Irregular Tessellation

Introduction

Irregular Tessellations are partitions of space into mutually distinct cells, but now the cells may vary in size and shape, allowing them to adapt to the spatial phenomena that they represent. Irregular tessellations are more complex than regular ones, but they are also more adaptive, which typically leads to a reduction in the amount of computer memory needed to store the data.

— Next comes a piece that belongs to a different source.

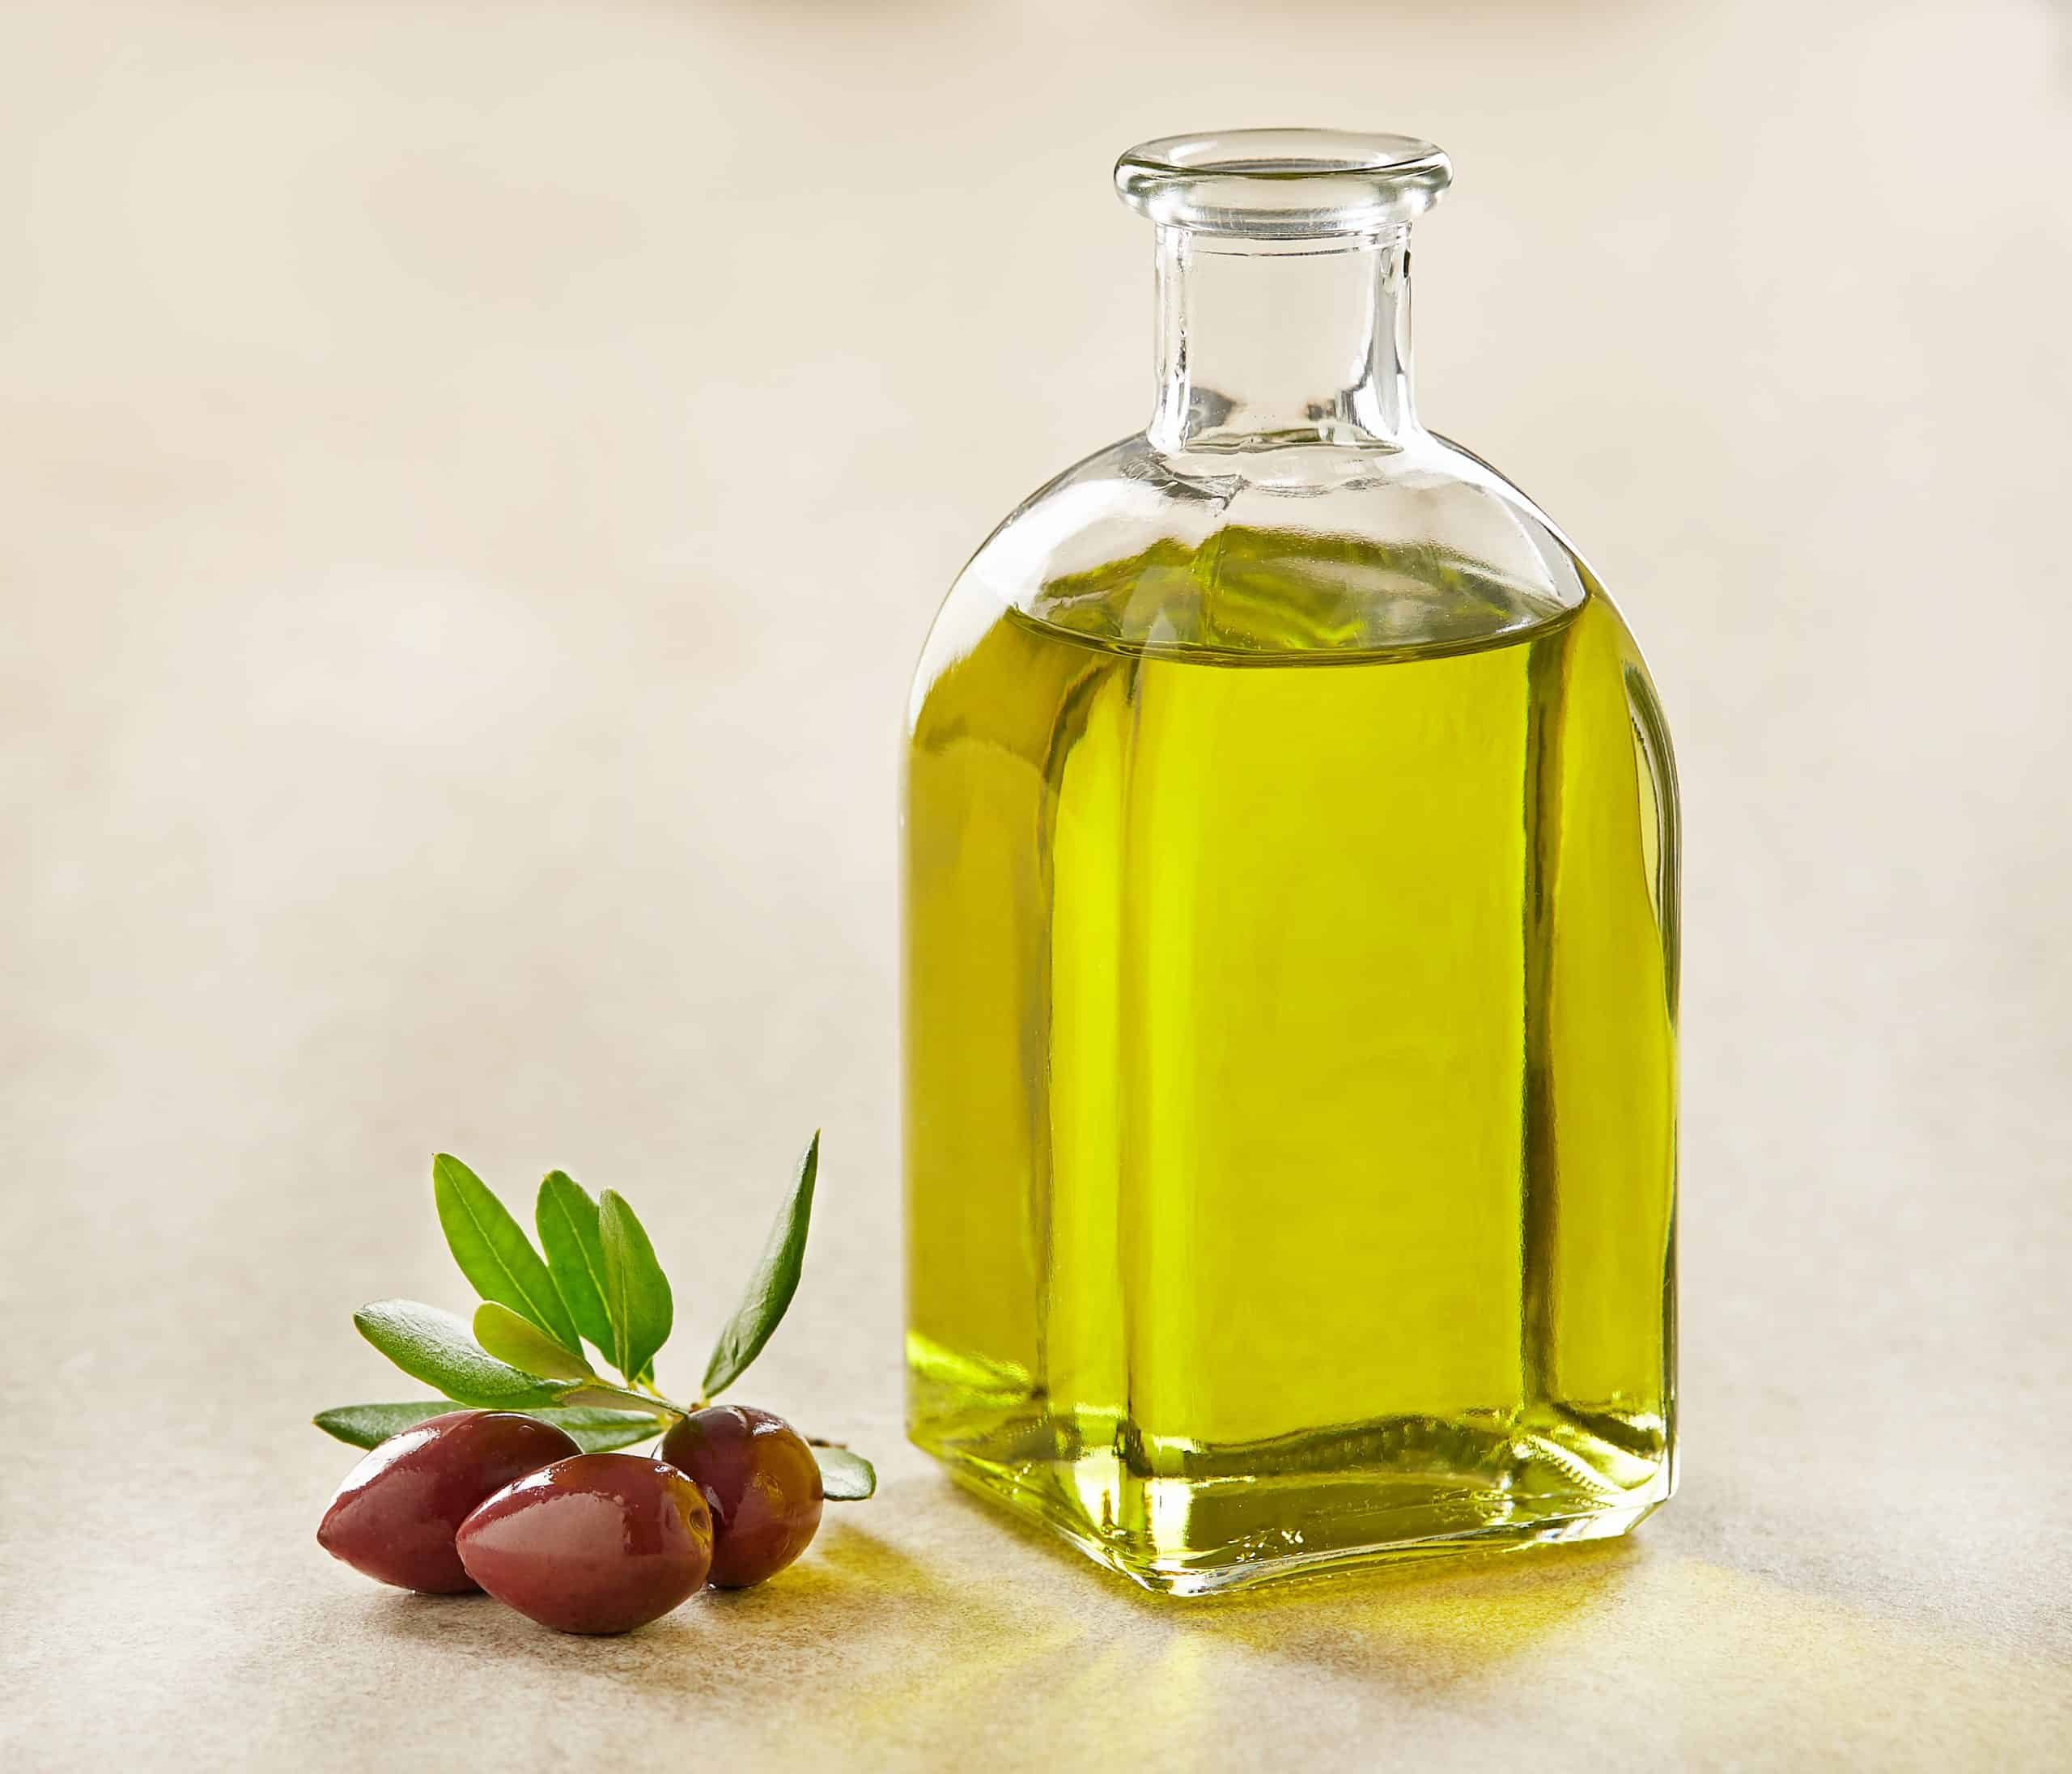 Mise en valeur de l’origine géographique sur l’étiquette : un atout pour l’huile d’olive

Regular tessellations provide simple structures with straightforward algorithms that are, however, not adaptive to the phenomena they represent. This means they might not represent the phenomena in the most efficient way. For this reason, substantial research effort has been put into irregular tessellation.

Explanation

A well-known data structure in this family - upon which many more variations have been based - is the region quadtree. It is based on a regular tessellation of square cells, but takes advantage of cases where neighbouring cells have the same field value, so that they can be represented together as one bigger cell. A simple illustration is provided in the Figure above. It shows a small 8×8 raster with three possible field values: white, green and blue. The quadtree that represents this raster is constructed by repeatedly splitting up the area into four quadrants, which are called NW, NE, SE, SW for obvious reasons. This procedure stops when all the cells in a quadrant have the same field value. The procedure produces an upside-down, tree-like structure, hence the name “quadtree”. In the computer’s main memory, the nodes of a quadtree (both circles and squares in the Figure) are represented as records. The links between them are pointers, i.e. a programming technique to address (or to point to) other records. Quadtrees are adaptive because they apply Tobler’s law. When a conglomerate of cells has the same value, they are represented together in the quadtree, provided their boundaries coincide with the predefined quadrant boundaries. Therefore, a quadtree provides a nested tessellation: quadrants are only split if they have two or more different values.

Figure: An 8 x8, three value raster (here, three colours) and its representation as a region quadtree. To construct a quadtree, the field is successively split into four quadrants until all parts have only a single value. After the first split, the southeast quadrant is entirely green, and this is indicated by a green square at level two of the tree. Other quadrants have to be split further.